Милиционеры уже держали его. Им помогал человек в штатском. Они затащили его в метро, в отделение. Оно было очень тесным. За столом сидел лейтенант, а на скамейке малолетняя хиппи.
– О, Литла! – сказал Л., – ты что тут делаешь?
– Да так, – сказала хиппи, – маму жду, эти маму вызвали.
Его подружку, с которой он ругался, посадили напротив лейтенанта. Л. сел рядом с Литлой. Милиционеры стояли в дверях, а штатский сказал:
– Употребляли алкоголь сегодня?
– Ну, употреблял, – сказал Л.
Лейтенант тихо разговаривал с его подружкой.
– Я хотела идти в одну сторону, а он хотел, чтобы я шла в другую. Он ничего мне не сделал, отпустите, пожалуйста, нас.
– Вы можете идти, – сказал лейтенант, что-то записывая.
Она ушла.
– На каком курсе? – говорил лейтенант.
– На сто третьем, – сказал Л.
– Факультет?
– Как они мне не нравятся, – сказала хиппи, показывая на них всех пальцем, – и лица такие красные, как противно.
– Литла, ты потише, не дома, – сказал Л., посмотрел на лейтенанта и сказал:
– Лейтенант, как ваша фамилия?
– А зачем вам моя фамилия? – смешался тот.
– Я же сказал вам свою, я хочу знать вашу.
– Тараканов.
– Хорошо. Ваша как? – Л. обратился к штатскому.
– А моя-то зачем?
– Вы меня за волосы хватали.
– Ладно, кончай, ты, – сказал Тараканов.
– Не ты, а вы, – поправил Л.
Лейтенант Тараканов подозвал штатского и дал ему подписать бумажку на столе.

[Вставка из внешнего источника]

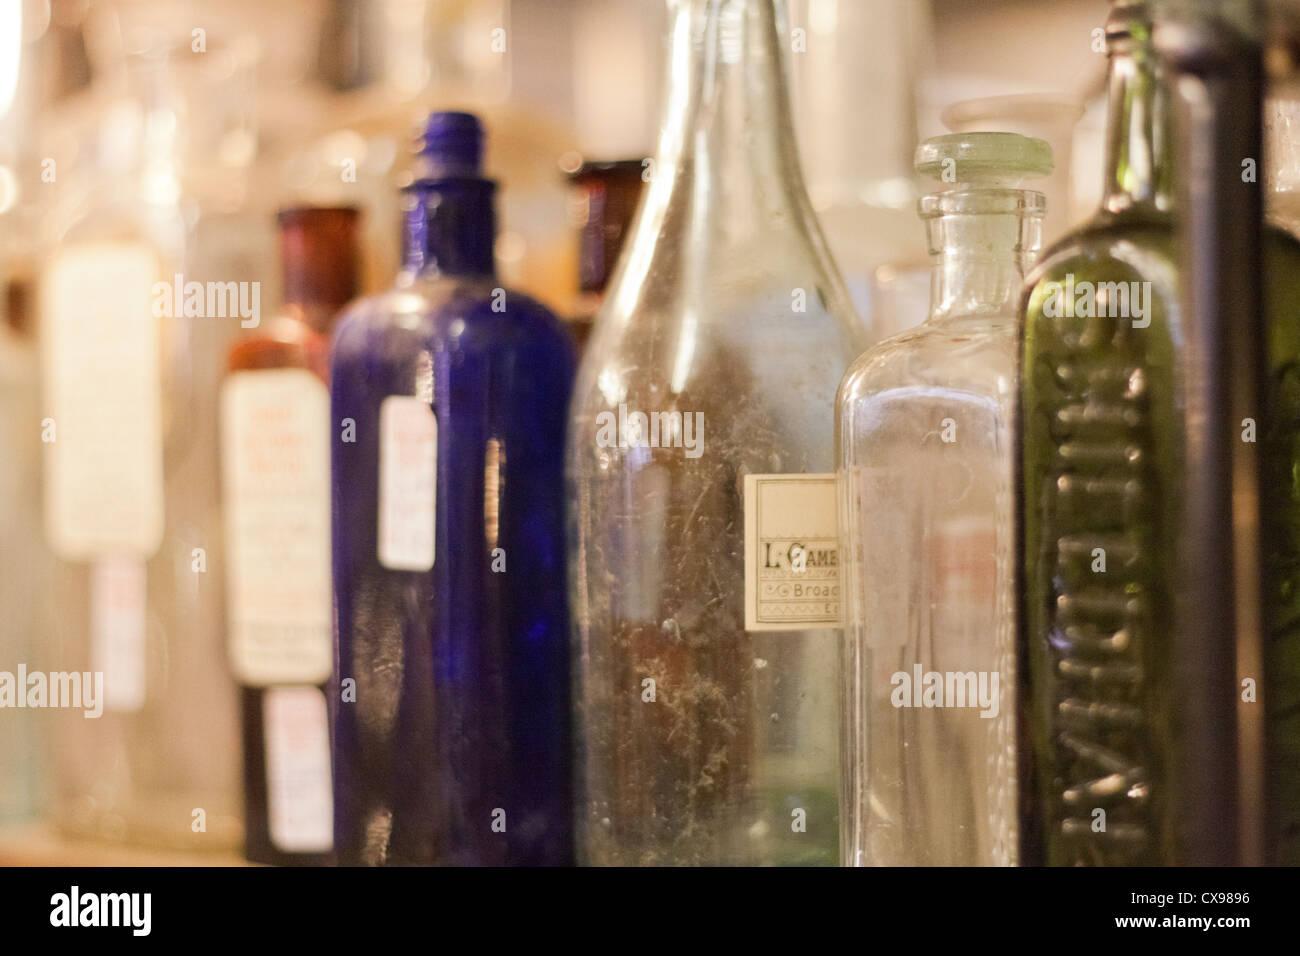 Old Glass Bottles Part - 36: Old Glass Bottles On A Shelf

– Ну, можешь идти, – сказал он Л.
– Почему на ты? – возмутился Л.
– Можете идти.
– Почему это? А куда вы собираетесь эту бумажку отправить?
– Никуда не собираемся, – сказал лейтенант.
– Как так? Почему?
– Подождем другого раза.
– Зачем?
– Существуют нормативные обязательства.
– Какие такие?
– Иди отсюда.
– Не иди, а идите. А я хочу знать, что за обязательства такие. Вы должны меня ознакомить.
Лейтенант Тараканов застонал.
– Ладно, все, – сказал Л., – пока, Литла, не хулигань больше, жди маму.
В дверях он столкнулся с сержантом, с которым дрался.
– Прости, – сказал Л., – я немножко не в себе был.
– Бывает, – согласился сержант.
Л. вышел на улицу. Дул ветер. В телефонной будке неподалеку стояла его знакомая. Он распахнул дверь и ударил ее ногой.
– Что, сука?
– Не надо, не надо, миленький, я виновата, прости, пожалуйста.
Они пошли переулками к нему. В комнате она стала плакать и целовать его:
– Прости меня, собаченька моя, я тебя люблю, змеюченька, заинька.
Утром они курили. Л. сказал:
– Ты правду вчера говорила?
– Нет, я тебя испугалась.
– Я так и думал, – сказал Л., – ну иди, ладно, что теперь делать.
Она не уходила. Л. включил магнитофон.
– Знаешь, у меня какая мечта, – сказал Л. Маше. Он был у нее дома. – Выйти из какой-нибудь обалденной машины, разумеется, моей. В коротких джинсах, в жопу рваных и старых, но чистых, в белой рубашке, длинной, расстегнутой до пупка, с красивой цепью на шее. Голова наголо выбрита, брови тоже выбриты. Представляешь? На спине крышка от унитаза, я – босой. Вот кайф!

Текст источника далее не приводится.